Aim of the task: What you write must match, character for character, the lines from the one with "black pug standing on floor" down to the one with "(Pinwheels of Schrodinger)" in the listing below, minus its pictures.

Extracted records:
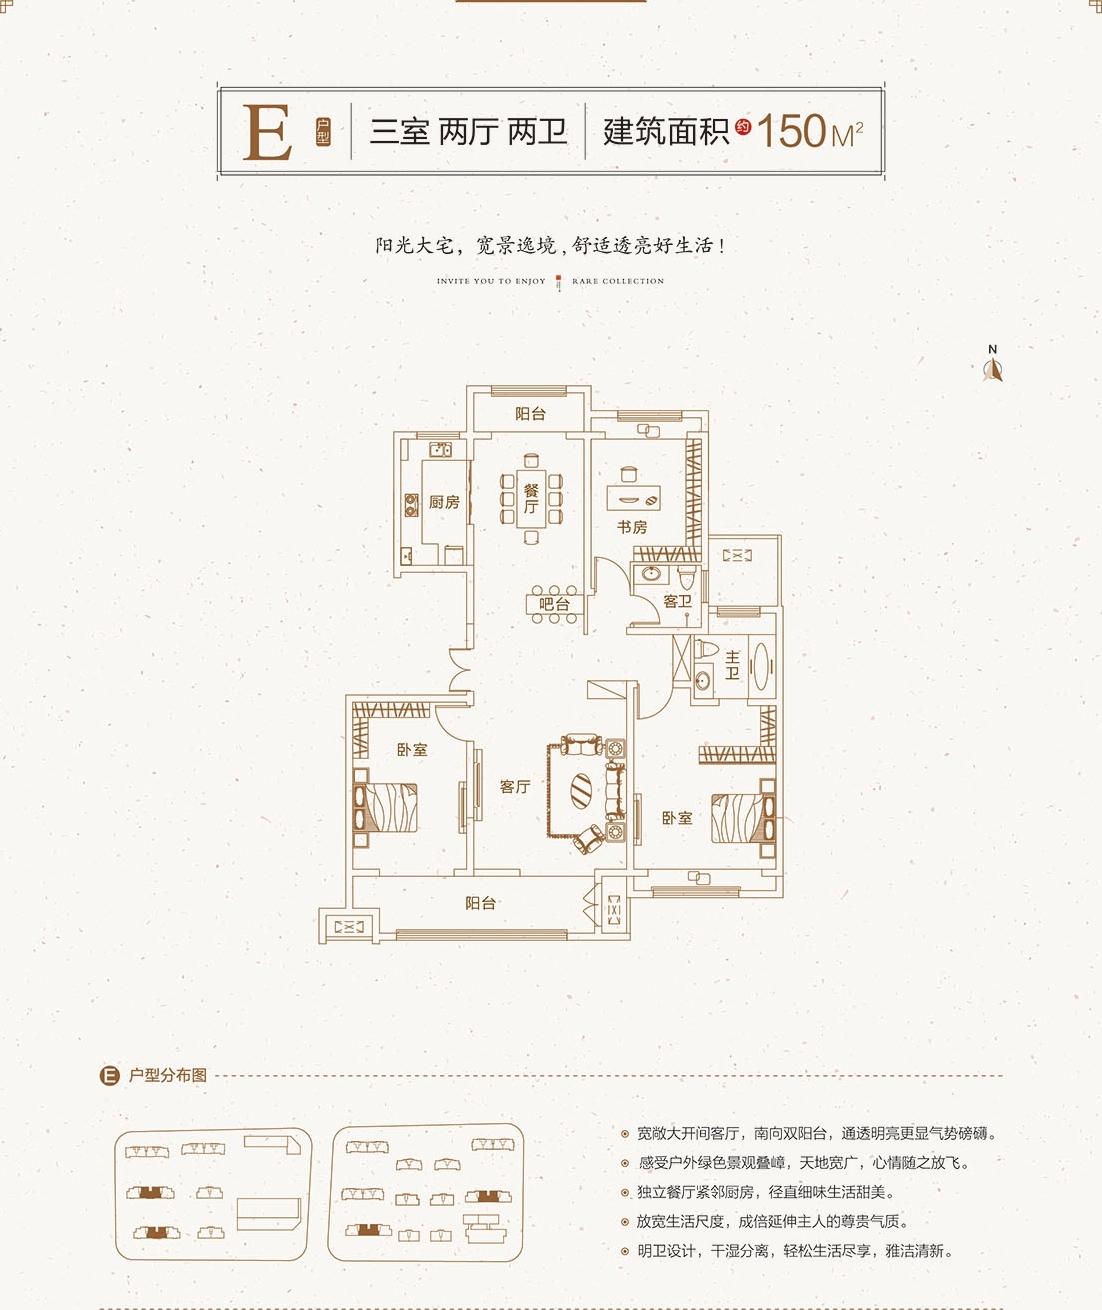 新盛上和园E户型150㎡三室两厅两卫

--

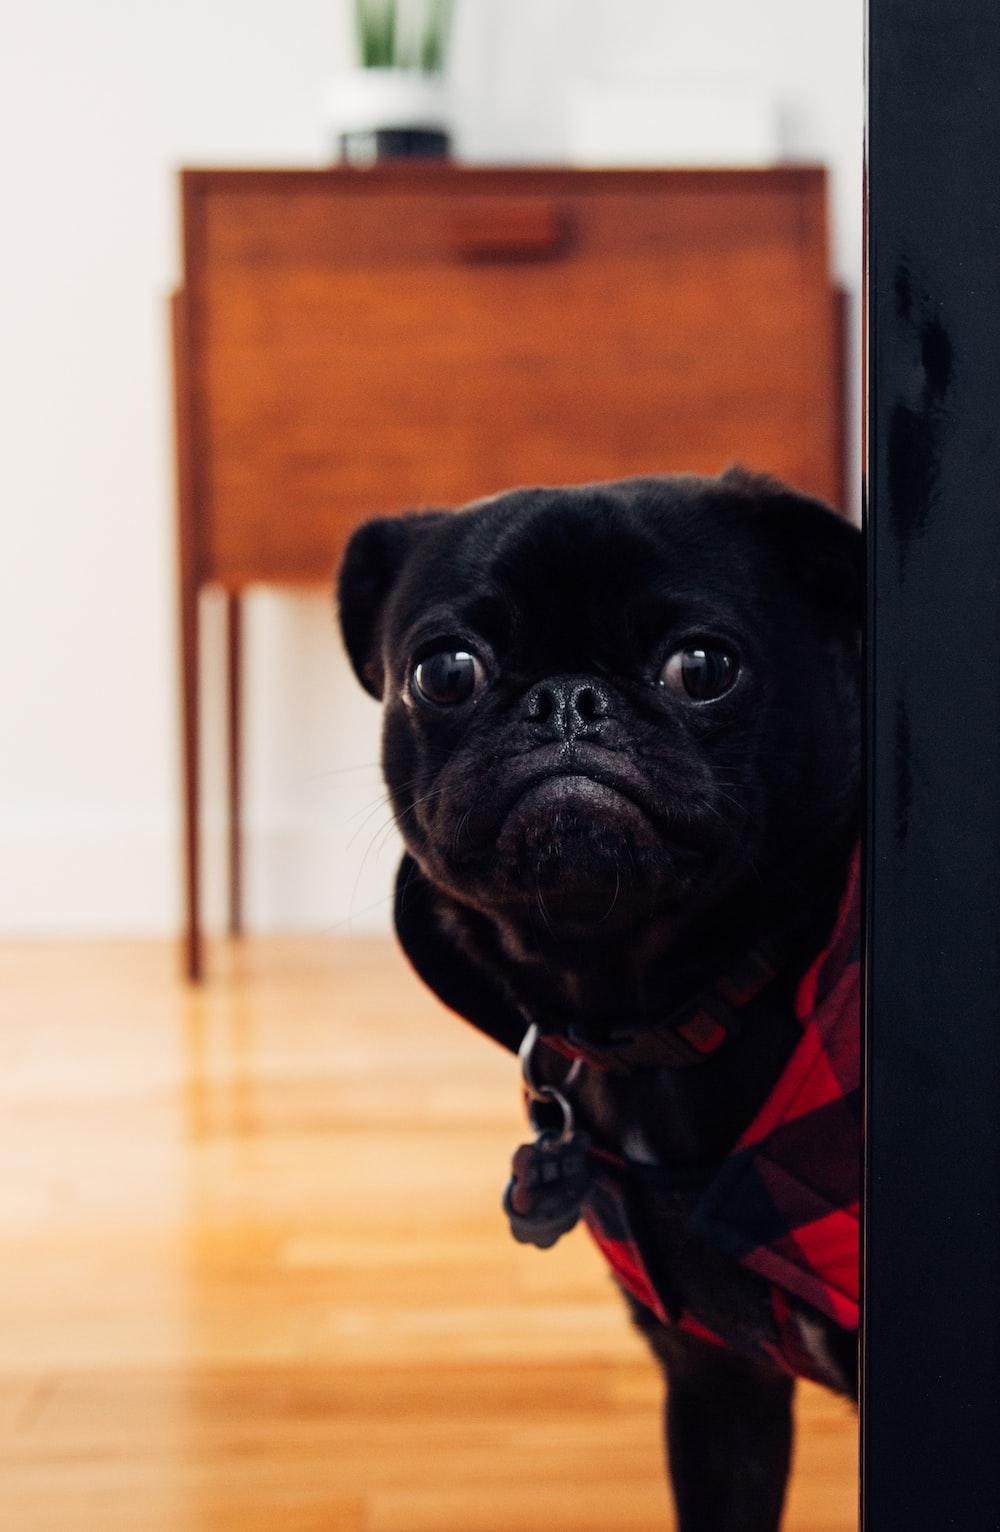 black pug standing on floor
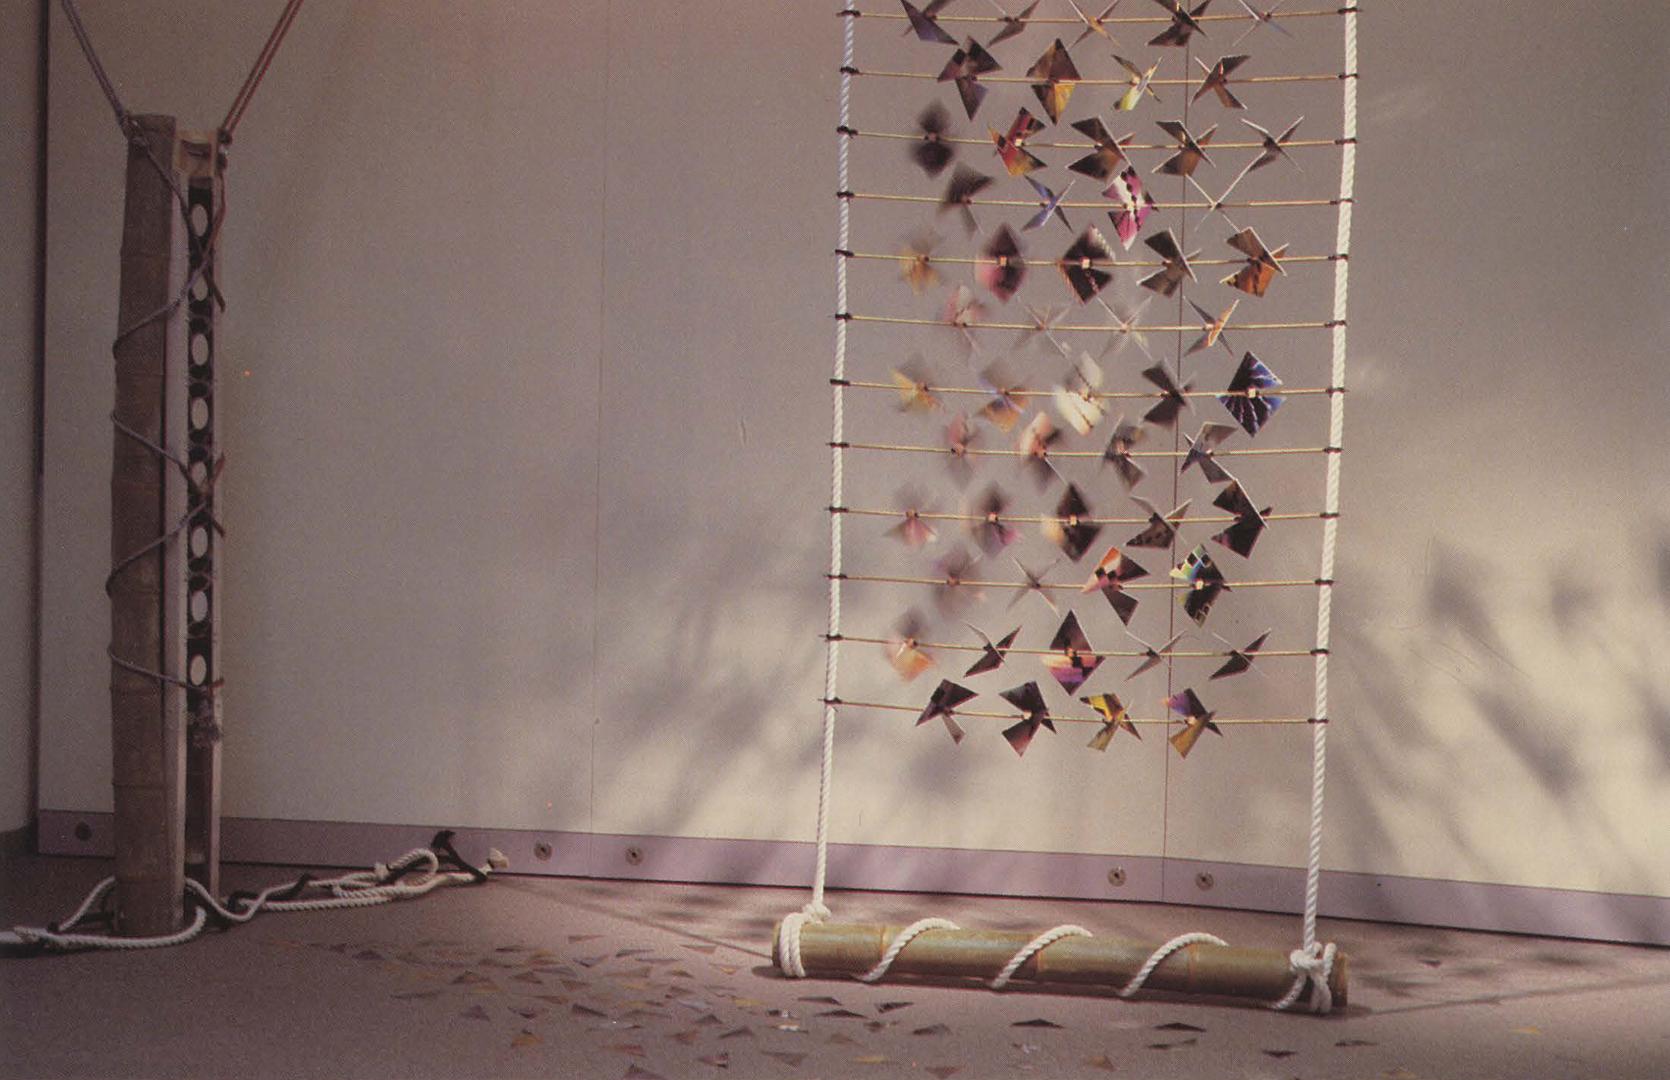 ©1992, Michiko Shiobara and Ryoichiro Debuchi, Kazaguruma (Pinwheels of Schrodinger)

==

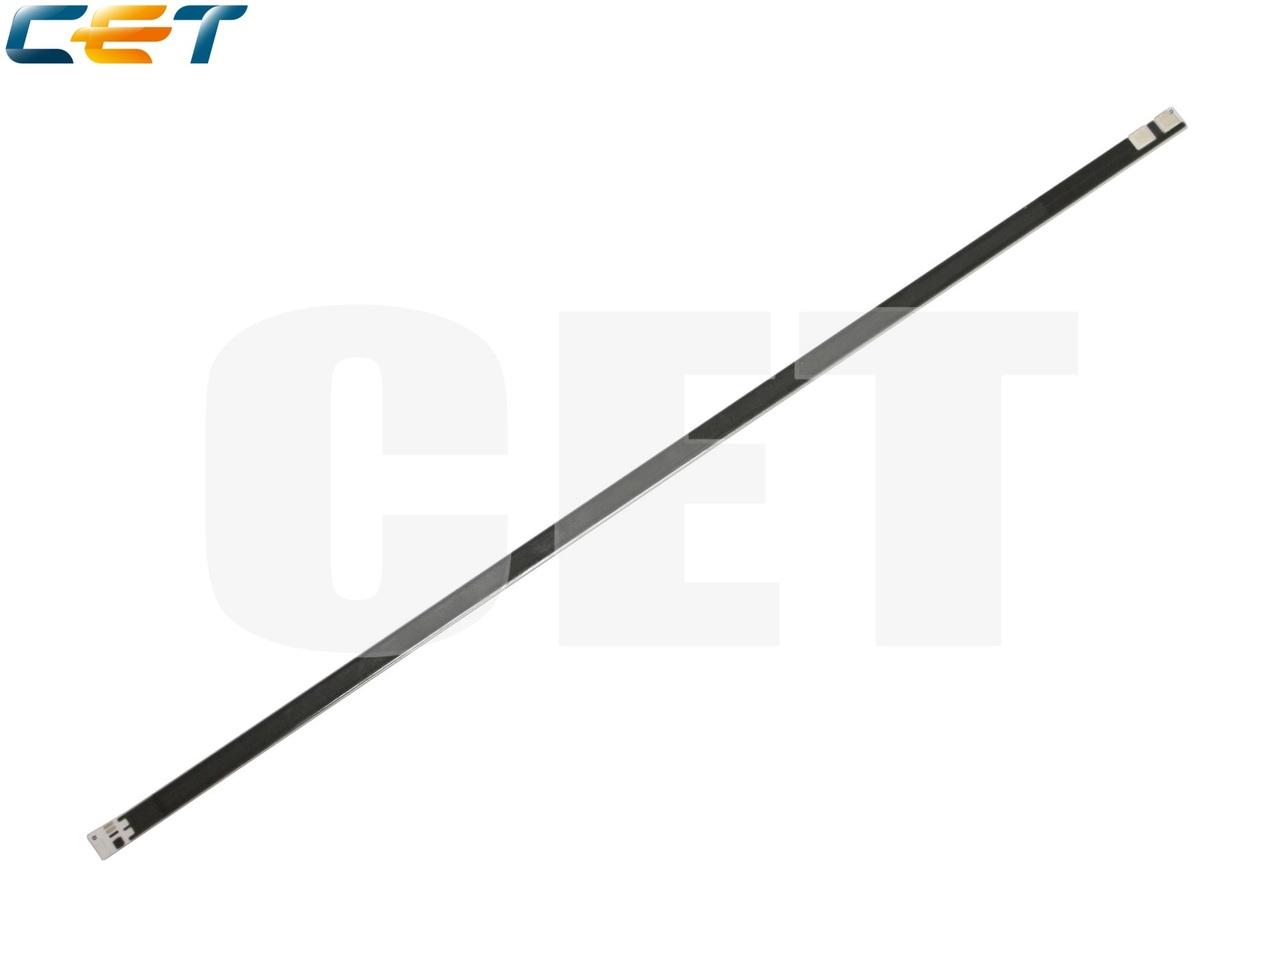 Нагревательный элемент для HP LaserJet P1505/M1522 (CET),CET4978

Solution:
 black pug standing on floor
 ©1992, Michiko Shiobara and Ryoichiro Debuchi, Kazaguruma (Pinwheels of Schrodinger)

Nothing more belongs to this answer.